These are not so much policies as ideas. The details have yet to be worked out – the operation, the costs, the target number of jobs created. And in the case of the PRSI cut, it may not be a good idea since the deadweight costs may be quite high (i.e. cuts in PRSI may benefit jobs that would have been created without the subsidy). One OECD study suggested that up to 60 percent of jobs so subsidised would have been created anyway. In any event, during a recession where employers are cutting output and jobs, a PRSI-cut to create employment may have few takers.

Still, even without a framework or a narrative, at least this analysis looks in the right direction. But, looking in the other direction, Eamon stated:

‘Getting people back to work, and restoring the confidence to buy among consumers is key to solving the crisis in our public finances. But that crisis is now so bad, and so urgent, that it can not wait for the new jobs and the new spending.’

One can empathise with this, to a point. Fianna Fail’s procrastination and paralysis has hurtled the fiscal deficit into the stratosphere. The whole point of a stimulus is that it should be ‘timely and temporary’. However, even were a stimulus programme – even on the grandest scale – introduced tonight it would certainly be late and it would be temporary only if you stretch the meaning of that word. Nonetheless, Eamon warned against panic:

‘What we need is a plan for the public finances, not just another set of panic measures. Too much harsh medicine (tax increases, spending cuts) all at once could end up killing the patient. Sending the country further into a downward spiral of job losses, followed by cuts, followed by more jobs losses, followed by more cuts.’

Absolutely. But then:

‘Do taxes have to increase? Yes, they do . . . No-body likes that, but there is no choice - that is where Fianna Fáil has brought us. The gap cannot be sustained. . . But when we pay more tax, and deep down we all know we have to, then it must be progressive and on the taxpayer's terms.’

Labour is demanding a new tax rate of 48 percent for incomes above €100,000 and an end to tax exile (or more appropriately, tax fugitive) status. These are standard demands championed by ICTU and other groups. But the key element here is Labour’s acceptance that taxes will have to increase. The Finance Spokesperson, Joan Burton, TD outlined Labour’s current thinking:

‘Let us see a set of measures that incorporate three elements. Higher Incomes: considerably more (taxes). Middle Incomes: definitely more. Lower incomes: a reasonable contribution that does not destroy the purchasing power of the poorest and the elderly. . . Do not underestimate this party's commitment to and willingness to implement sound public finances based on a balanced mix of spending controls and fair taxes.’

So the principle has been accepted – general tax increases, even for those on low incomes. It will be made palatable if those higher up the chain pay more.
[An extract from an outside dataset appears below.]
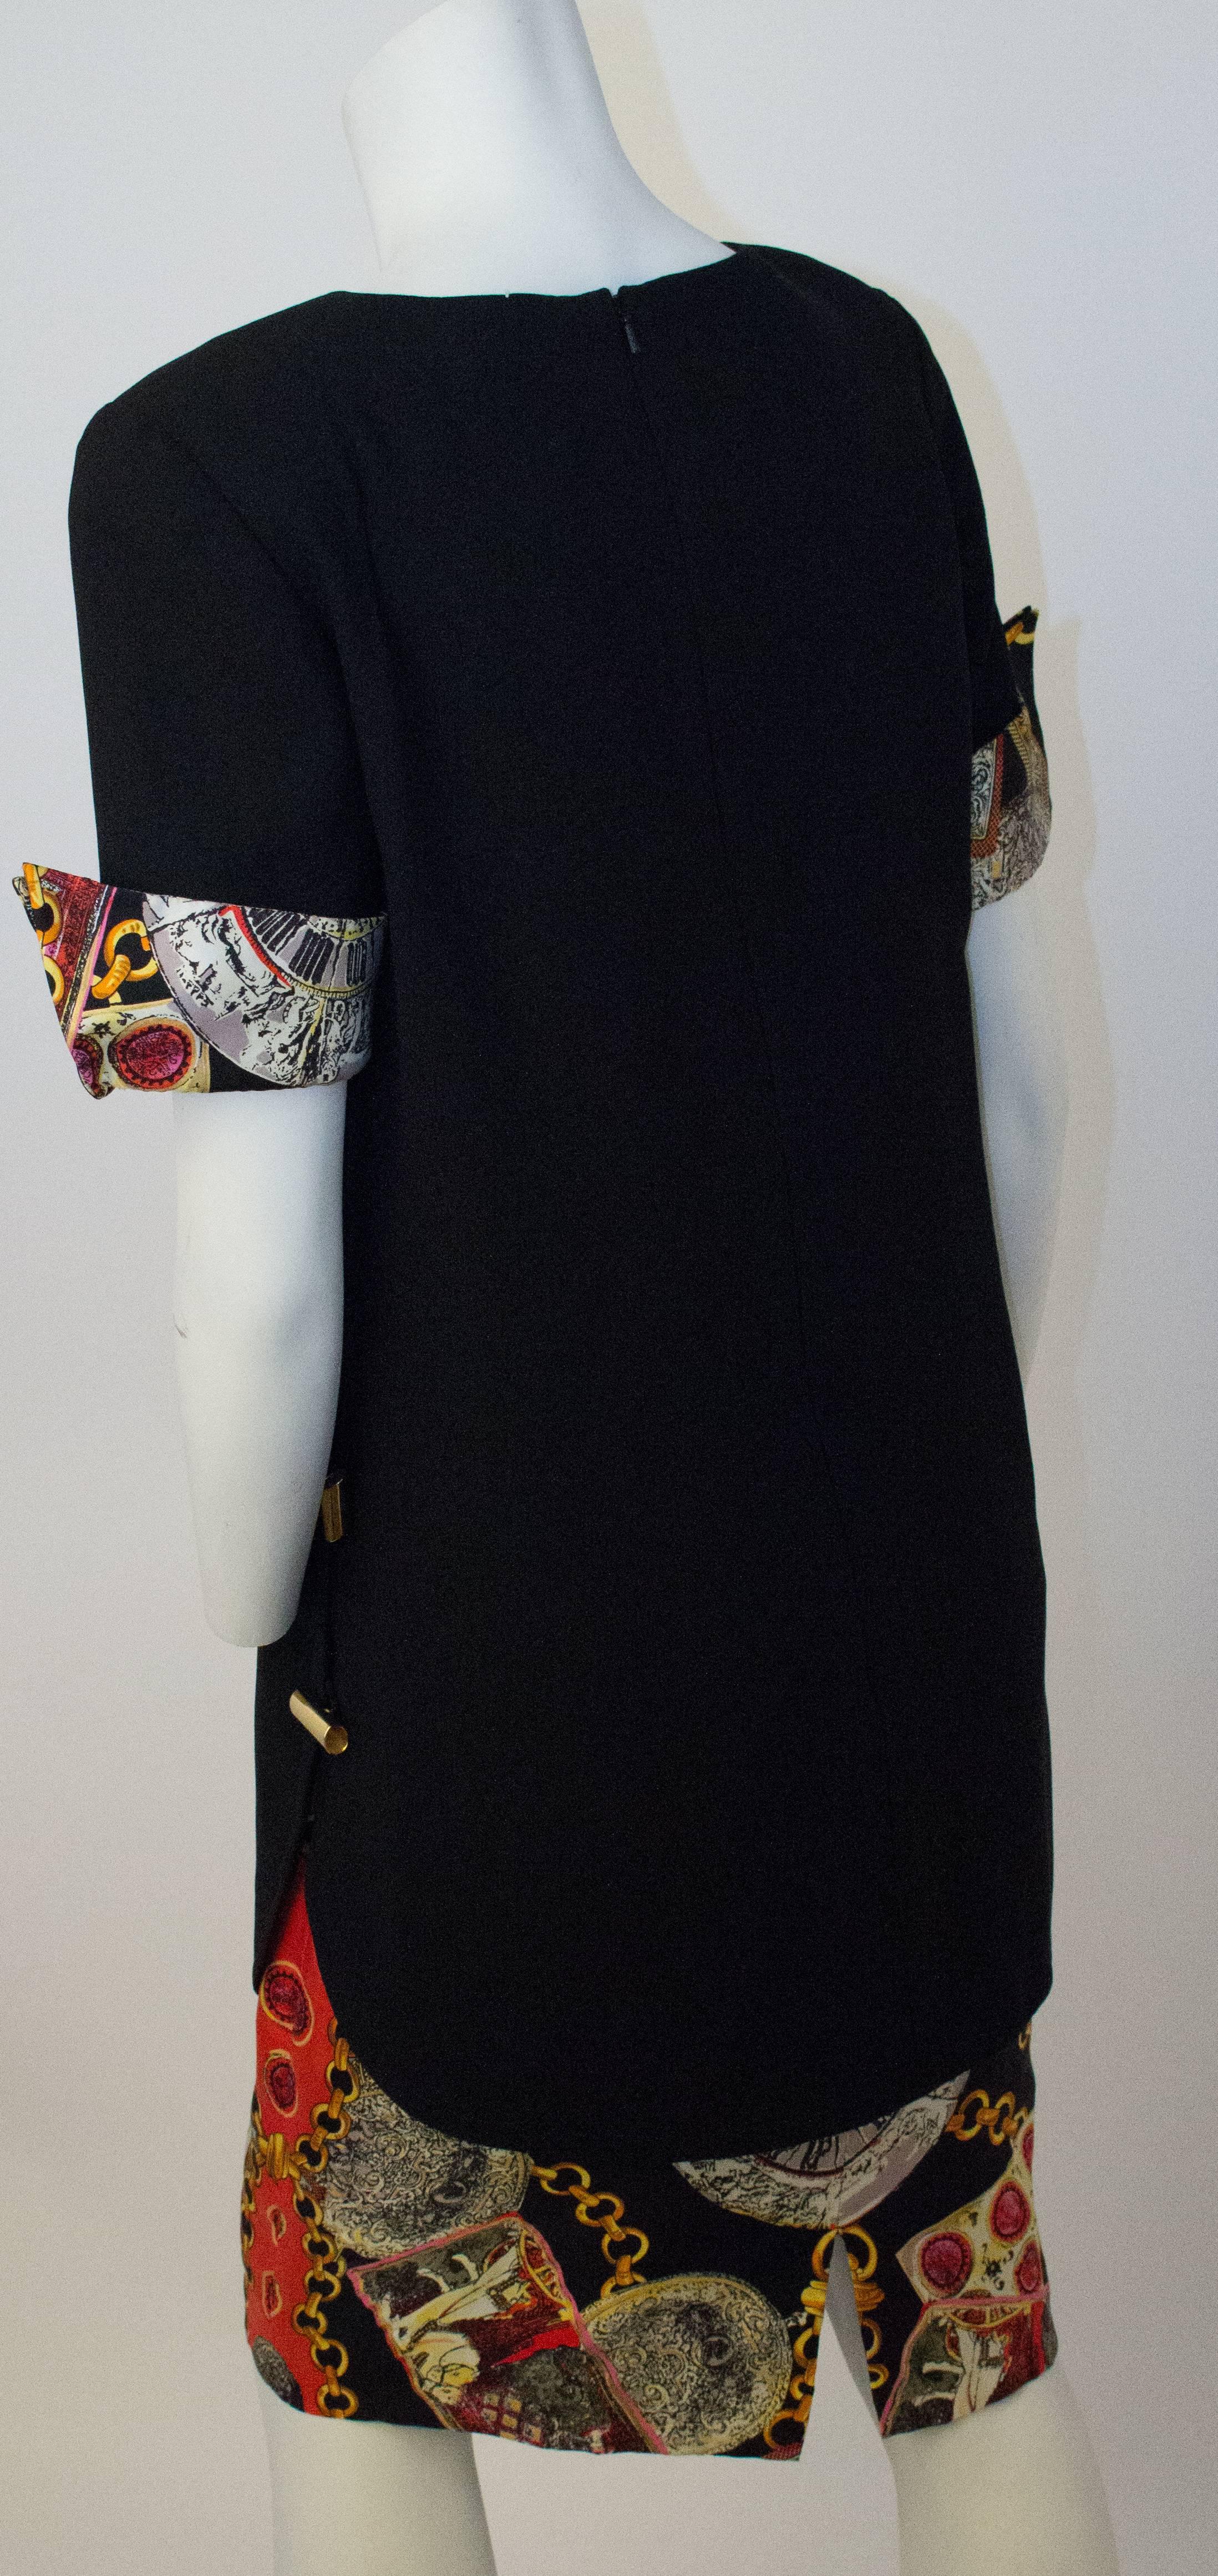 80s Bill Blass Shift Dress. Gold tone buttons along the side. Fully lined. Zips up the back.

Never mind that tax increases on low and average income groups will depress economic activity even further which, in itself, will worsen the fiscal deficit; Labour was glancing down another road.

It wasn’t always so: only a few months ago Joan rightly declared:

‘Today a massive public stimulus is all that stands between the nation and economic calamity. . . To get a depressed economy moving, you must have a stimulus, a new deal for new jobs. . . .A stimulus package is necessary for one simple reason. When demand slumps, when deflation is a greater menace than inflation, when consumer and corporate confidence has collapsed, fiscal conservatism makes little sense.’
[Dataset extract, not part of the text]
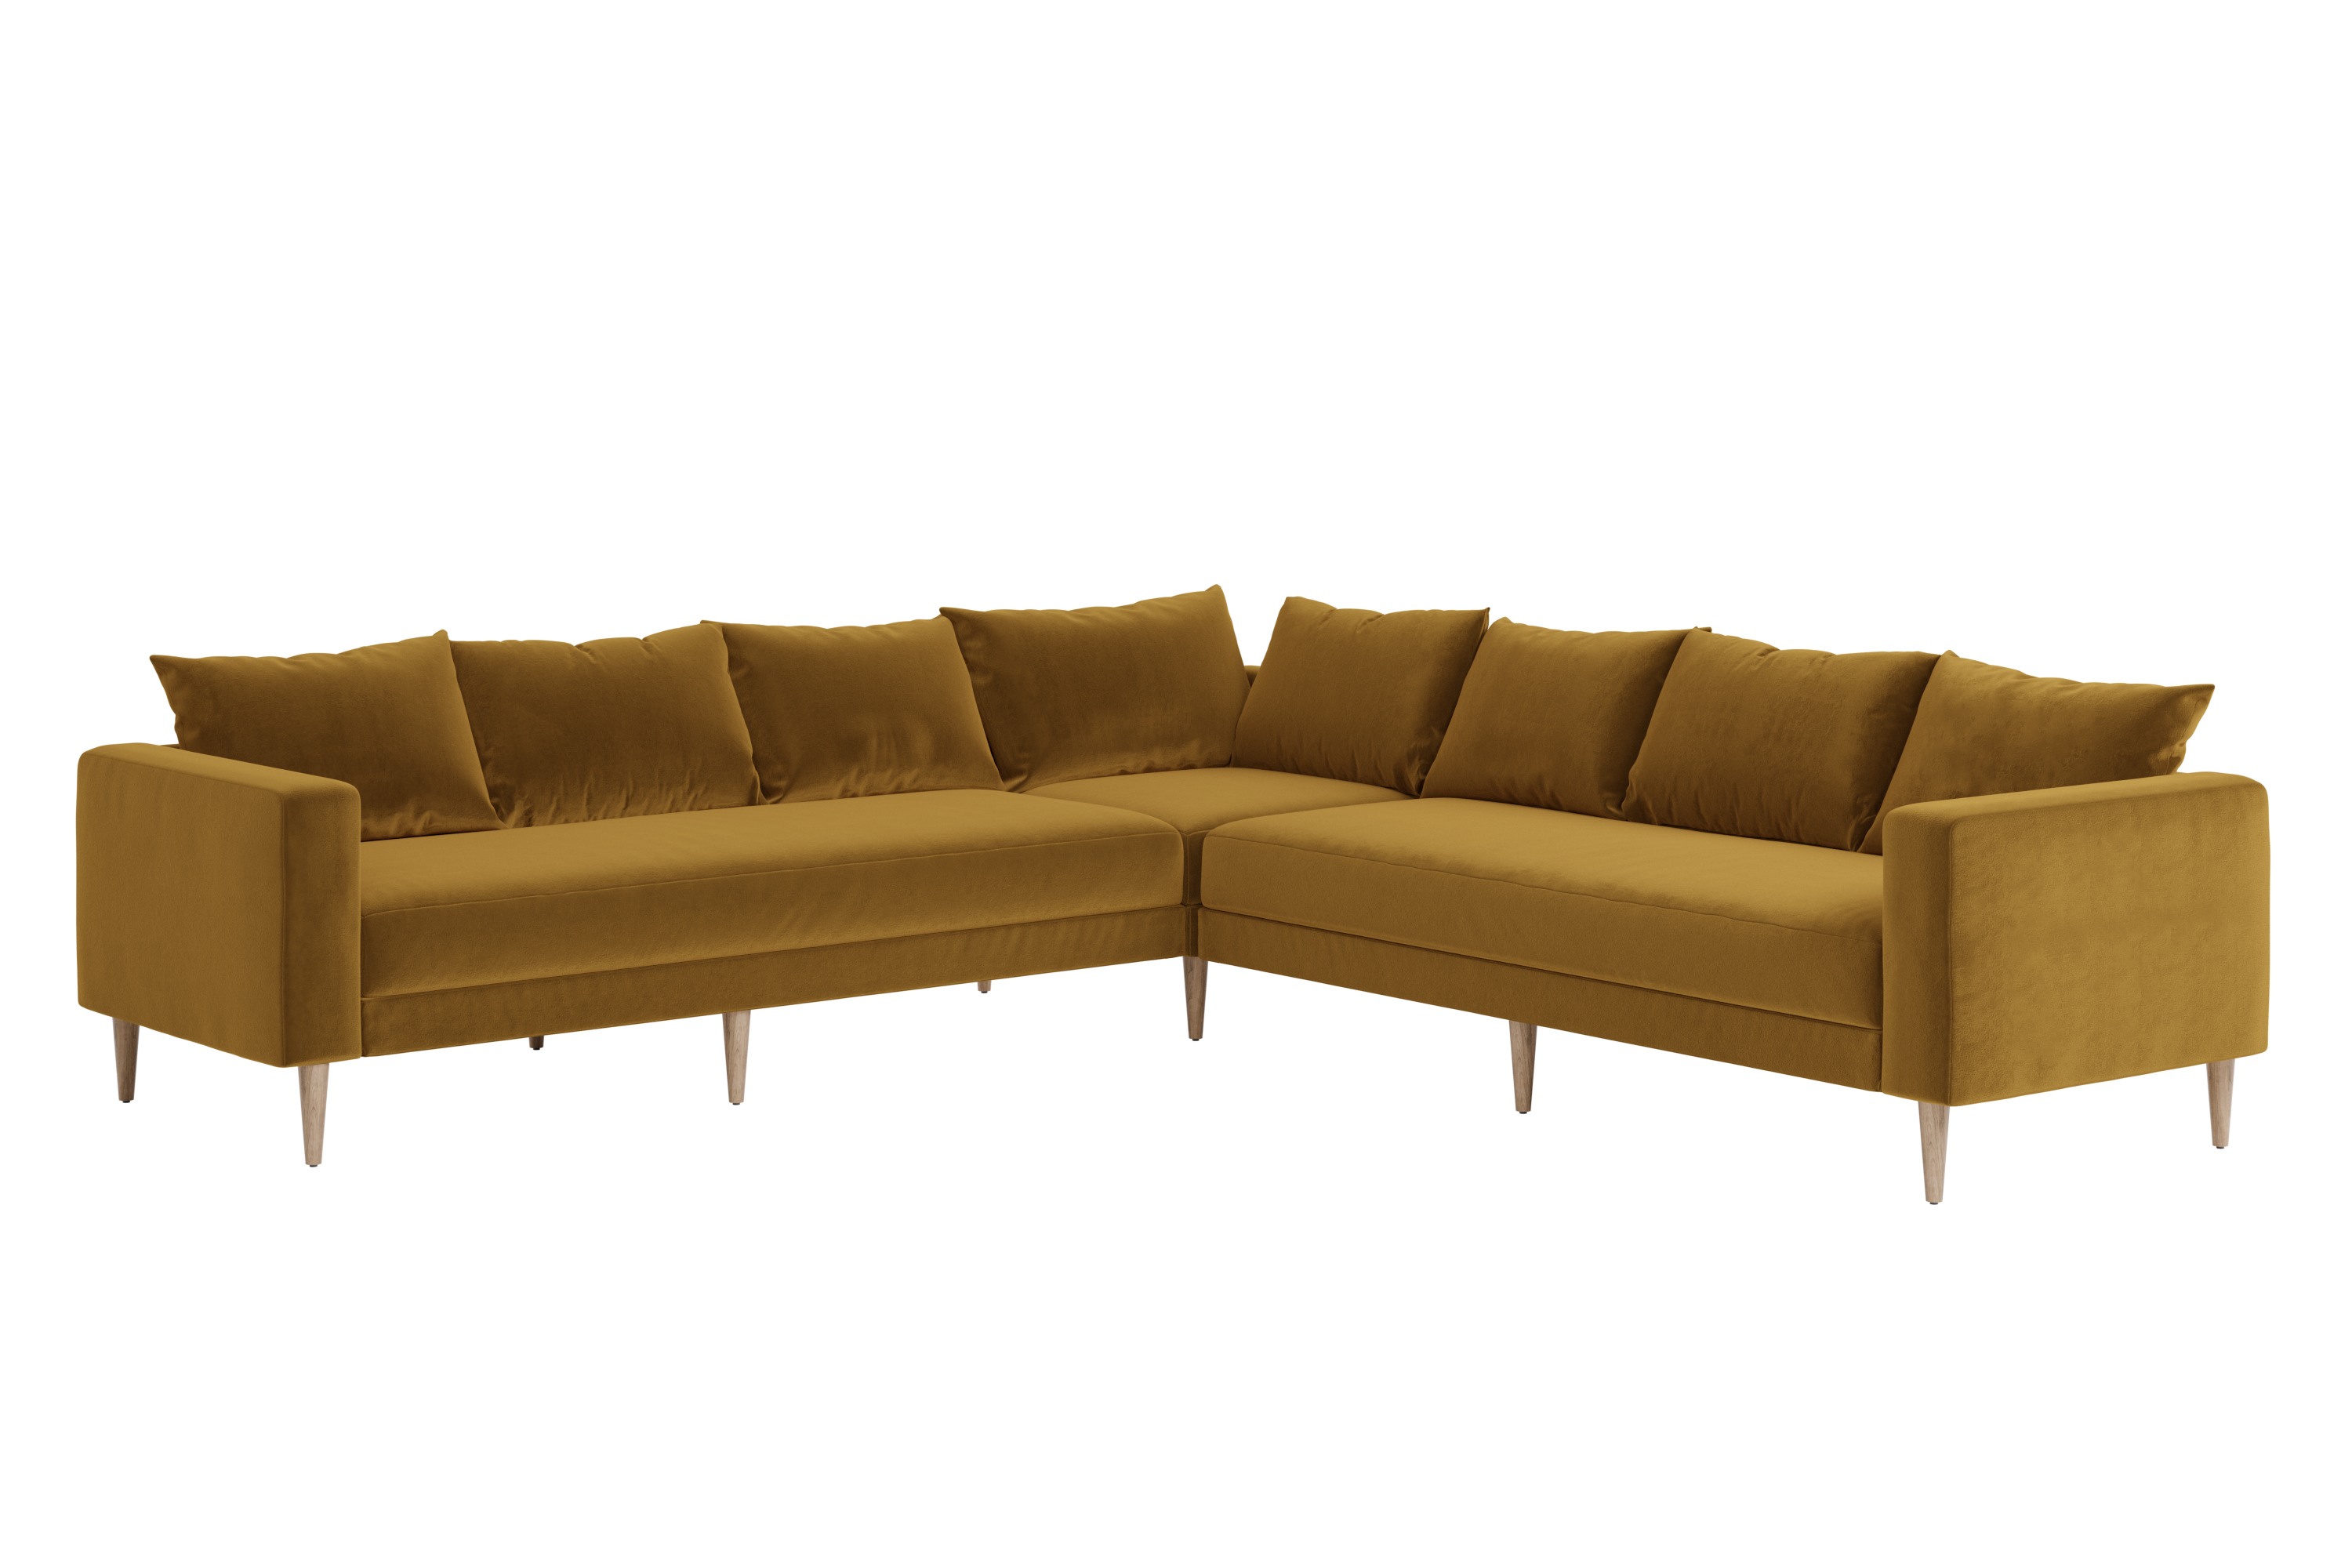 The Essential Corner Sectional (7 Seat) in Upcycled Poly

And Eamon, in his address at Labour’s November Conference – the speech which prefigured Labour’s spectacular rise in the polls, quoted Paul Krugman approvingly (“Government will have to provide economic stimulus in the form of higher spending and greater aid to those in distress") and went on to state:

‘That is the very opposite to what the conservative commentators are recommending. Labour stood alone, to argue for Government intervention . . . to get the real economy moving, to get people back working . . . . Because the crisis in the public finances has been caused by a downturn in the wider economy, not the other way around. The key to getting out of this economic crisis is not how much the Government can cut, but what it can create. That is why Labour, alone among all the political parties, wants a stimulus plan for the Irish economy. That is what a Labour government is doing in Britain. What the European Commission has called for. What President-Elect Obama intends to do in the US. That is what we need to do here.’
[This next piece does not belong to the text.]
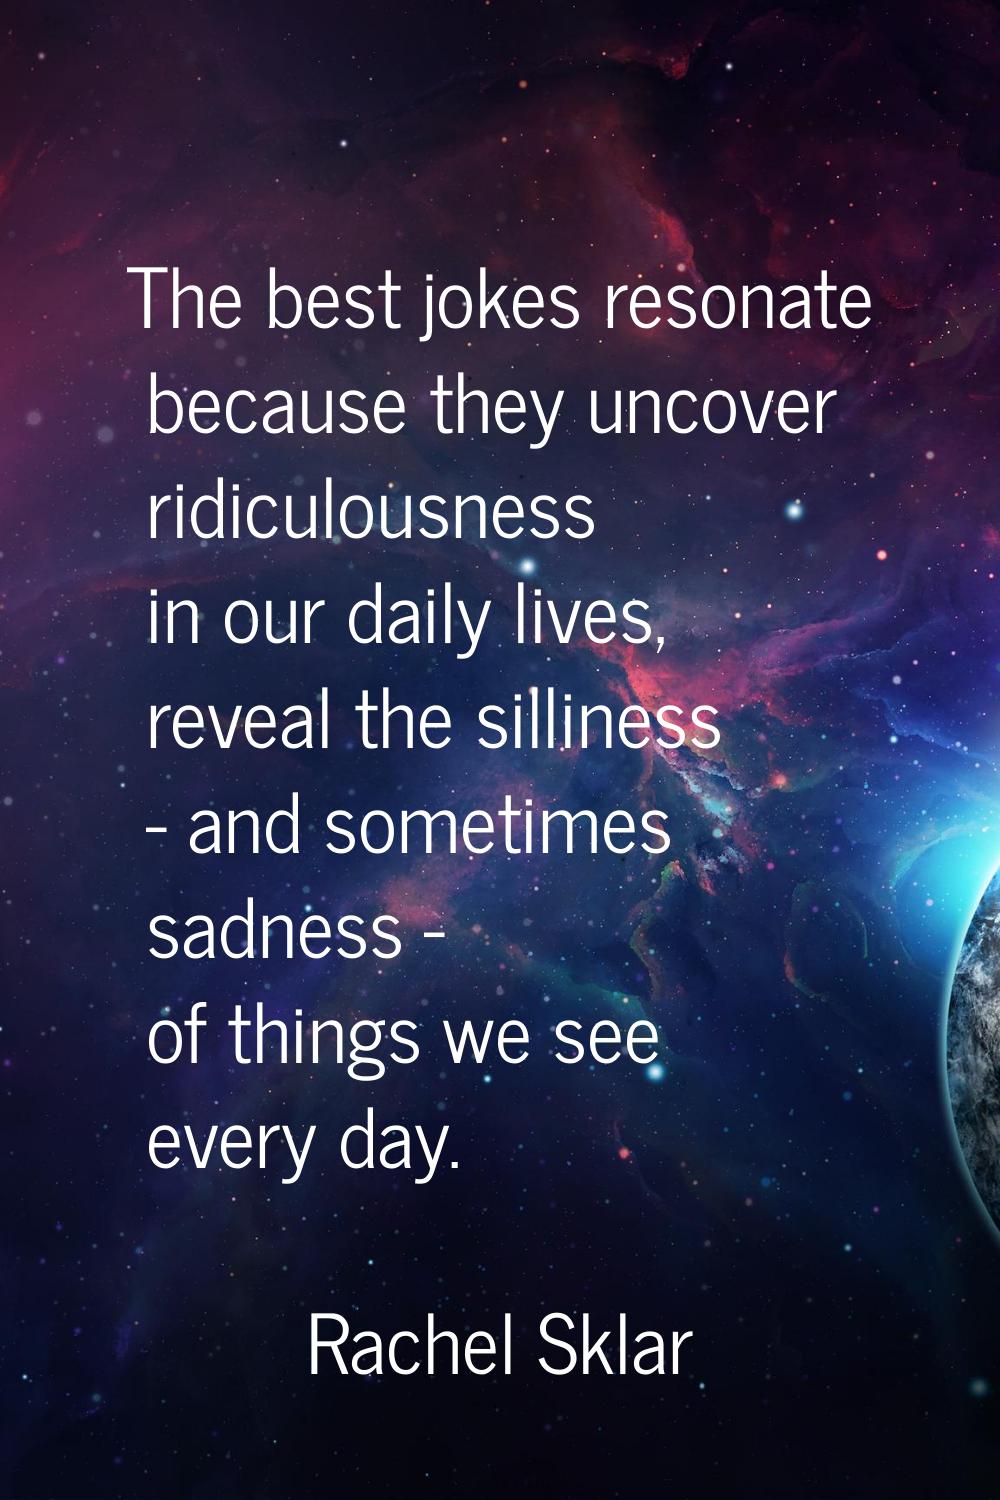 The best jokes resonate because they uncover ridiculousness in our daily lives, reveal the sillines

This urgency, this analysis, this vision was missing at the recent Labour Conference. One could argue that the deterioration in the budget has now superseded any strategies for stimulus but I’m not so sure. With the economy collapsing by 7.5 percent in one quarter (an annualised rate of 30 percent), the imperative to invest in the economy becomes even more urgent, if only to set a floor on this collapse. Without such a floor the economy will be in freefall and no amount of fair taxes or spending controls will fundamentally alter the deficit dynamic.

That being said, while the arguments for a stimulus become every stronger, we must work harder and more creatively to construct such a programme in these dark days. For there is no doubt the vultures are circling: deflation, job losses, deficit, borrowing costs. But i we throw in the towel, accept the consensus of the orthodoxy, we will all be jumping out of the plane without a parachute. Some will survive, many won’t and the rest will be nursing injuries for a long time to come if not permanently.

Labour knows which road to go down. It knows it must turn Left. Yes, it will be confronting an entrenched and powerful consensus. They will be attacked from both sides of the road – from vested interests, newspaper groups (the Independent will go apoplectic), the right-wing parties. It will take courage, fortitude, imagination and, yes, a little bit of defiance to lead people along that road. But Labour can do it. What they said before remains relevant now and tomorrow – even more so.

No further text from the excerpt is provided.